​« Pisser dans toutes les directions »

Bob Chiarelli, ministre de l'Infrastructure de l'Ontario. Archives, #ONfr

[ANALYSE]

Le ministre Bob Chiarelli n’avait peut-être aucune arrière-pensée sexiste lorsqu’il a accusé, mercredi 4 mai, la chef néo-démocrate Andrea Horwath de « pisser dans toutes les directions » alors qu’elle s’éparpillait un peu dans ses questions à l’Assemblée législative de l’Ontario.

FRANÇOIS PIERRE DUFAULT
fpdufault@tfo.org | @fpdufault

Mais le moment ne pouvait pas être plus mal choisi.

Les comportements misogynes et sexistes sont sous la loupe à Queen’s Park depuis qu’une « blague » franchement déplacée du progressiste-conservateur Jack MacLaren à une députée fédérale a valu à l’élu de l’Est ontarien, il y a quelques semaines, une rétrogradation temporaire et un laissez-passer pour une formation de sensibilité.

Et avec raison.

Si les femmes prennent davantage la place qu’il leur revient sur les banquettes du pouvoir et de l’opposition et dans l’entourage des politiciens, la mentalité de « boys club », elle, reste bien imprégnée dans les boiseries anciennes de l’édifice législatif.
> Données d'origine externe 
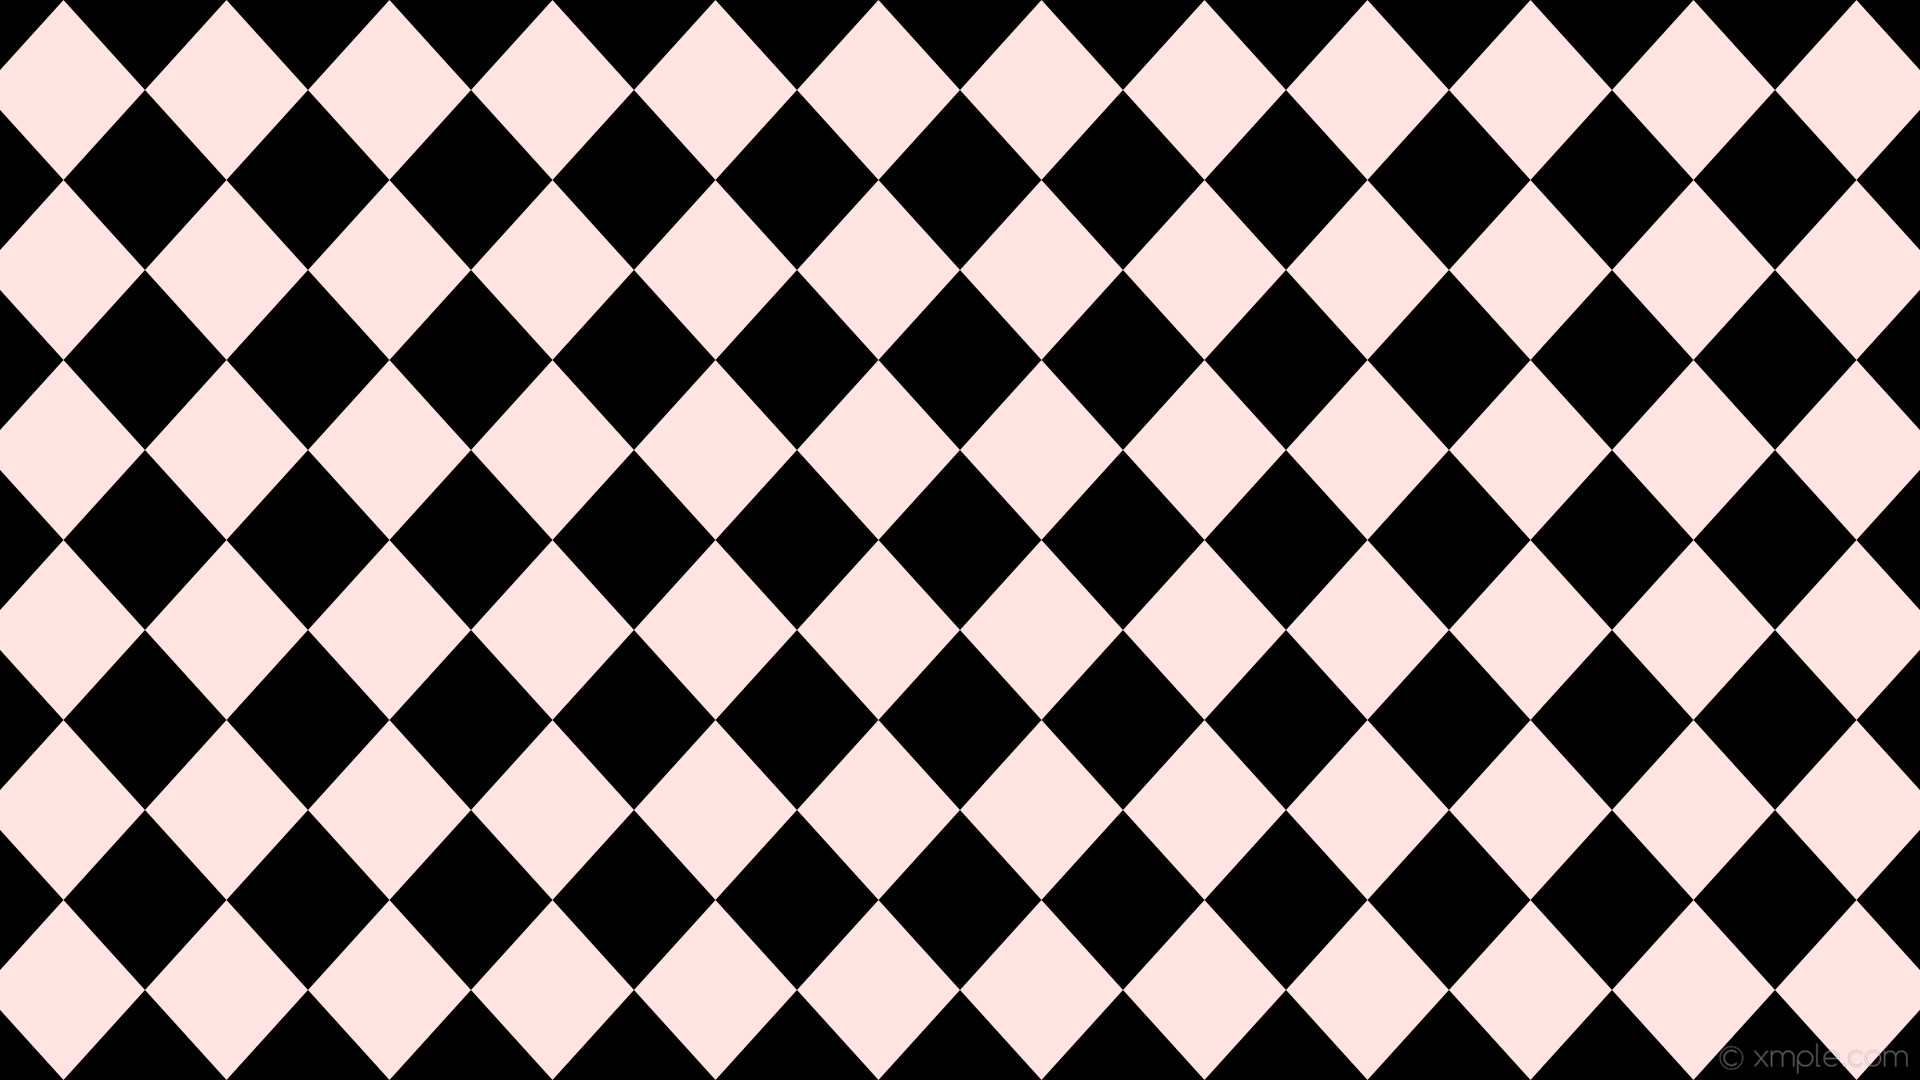 1920x1080 wallpaper rhombus black lozenge white diamond misty rose #000000 #ffe4e1  90Â° 180px 163px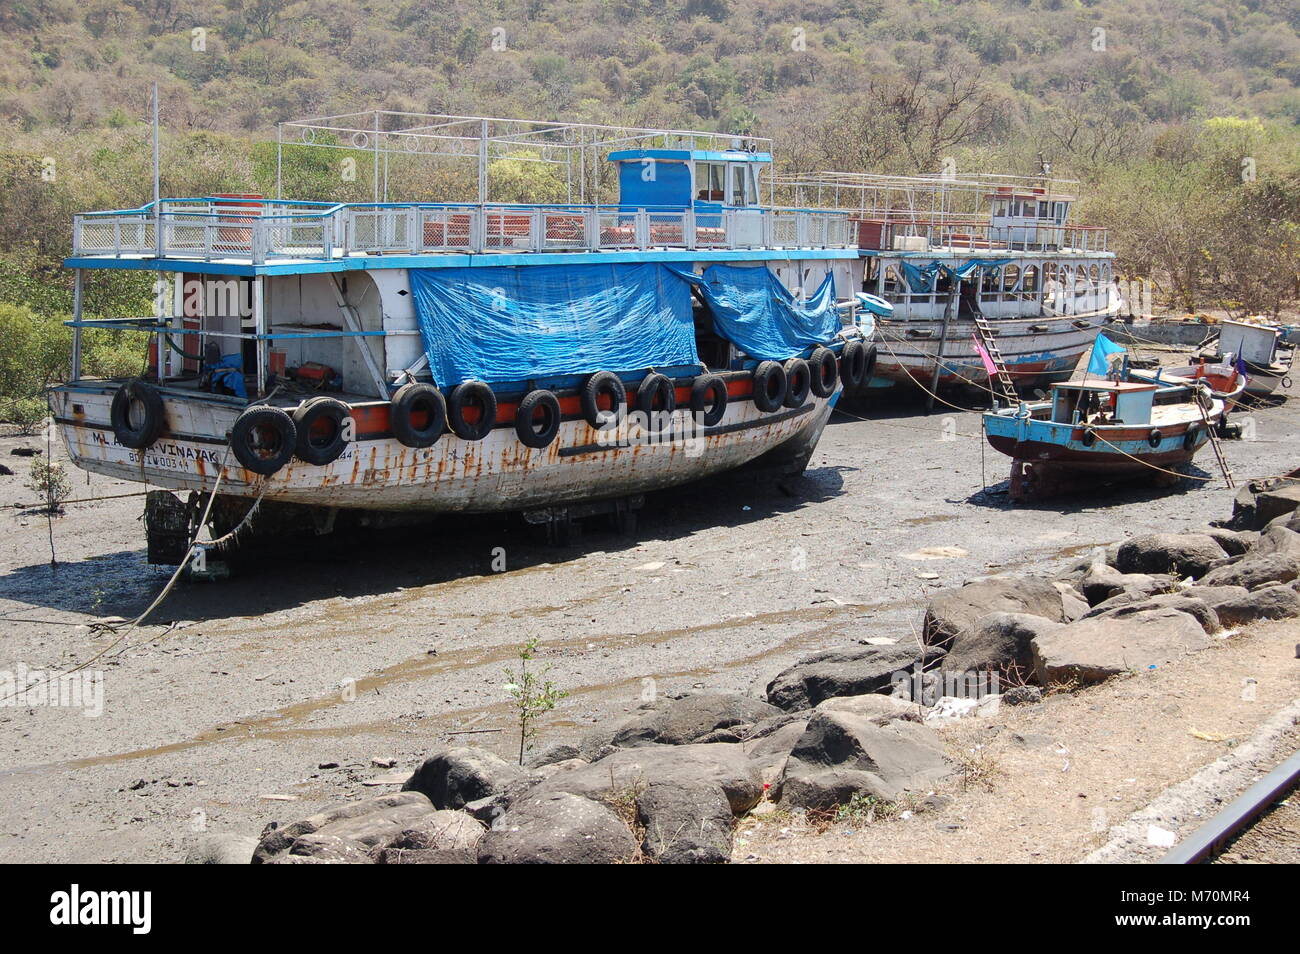 Strände Boote auf Elephanta Island, Mumbai, Indien Stockfoto

La première ministre Kathleen Wynne tente de changer le discours par rapport au harcèlement et à la violence sexuels. L’an dernier, elle a lancé à grand renfort de publicité sa stratégie Ce n’est jamais acceptable, dotée d’une enveloppe de 41 millions $ sur trois ans pour aider les femmes à dénoncer et à surmonter les abus.

Force est d’admettre que la chef libérale a du travail à faire dans son propre lieu de travail. Et au sein de son propre gouvernement.

Or, Mme Wynne, loin de condamner les propos de M. Chiarelli, a d’abord laissé entendre que son ministre de l’Énergie avait été mal cité. L’enregistrement est pourtant clair. L’élu d’Ottawa s’est bel et bien abaissé à parler de pipi dans le parlement provincial.

La révélation par la première ministre, cette semaine, de deux incidents d’inconduite sexuelle au sein de son caucus laisse aussi pantois. Elle a d’abord refusé d’identifier les présumés fautifs, citant des questions de confidentialité. Puis, elle a jeté aux lions l’ex-député Kim Craitor, de Niagara Falls, qu’elle aurait forcé à démissionner en 2013 à la suite d’une enquête interne. Et l’autre? Qui est-il? Siège-t-il toujours?

On comprend que les victimes d’inconduite sexuelle ne veulent pas toujours que leurs témoignages se retrouvent sur la place publique ou devant les tribunaux. On n’a qu’à revoir le procès de l’ancien animateur de radio Jian Ghomeshi pour s’en convaincre.

La chose à faire

Il y a un an et demi, Justin Trudeau, alors qu’il était dans l’opposition à Ottawa, n’a pas hésité à expulser deux de ses députés à la suite d’allégations d’inconduite sexuelle. C’était la chose à faire. Il a montré à tout le monde que de tels comportements ne sont « jamais acceptables ». Et il a laissé les victimes décider de la suite des choses en toute confidentialité.

Ce n’est pas dans l’intérêt de Mme Wynne de balayer les allégations d’inconduite de ses députés sous le tapis. C’est une bombe à retardement. Surtout si elle se permet, comme dans le cas de M. MacLaren, de faire la morale à ses rivaux.

Le chef progressiste-conservateur Patrick Brown n’est pas, non plus, sans reproche. Il a mis beaucoup de temps à réprimander M. MacLaren. Et c’est peut-être la découverte de faux témoignages d’appréciation sur le site Internet du député, bien plus que sa « blague » sexiste, qui lui a valu d’être mis en pénitence pendant un moment.

Andrea Horwath a raison de s’indigner. Et c’est de bonne guerre qu’elle réclame la démission de M. Chiarelli. Mais n’oublions pas que la chef néo-démocrate a été, elle aussi, très avare de commentaires lorsqu’un de ses candidats dans la région d’Ottawa a fait l’objet d’allégations d’agression sexuelle sur une jeune bénévole peu après les élections de 2014.

Le signal qu’envoient les élus à Queen’s Park est que « ce n’est jamais acceptable »… jusqu’à ce que ça devienne politique.

Cette analyse est publiée également dans le quotidien LeDroit du 7 mai.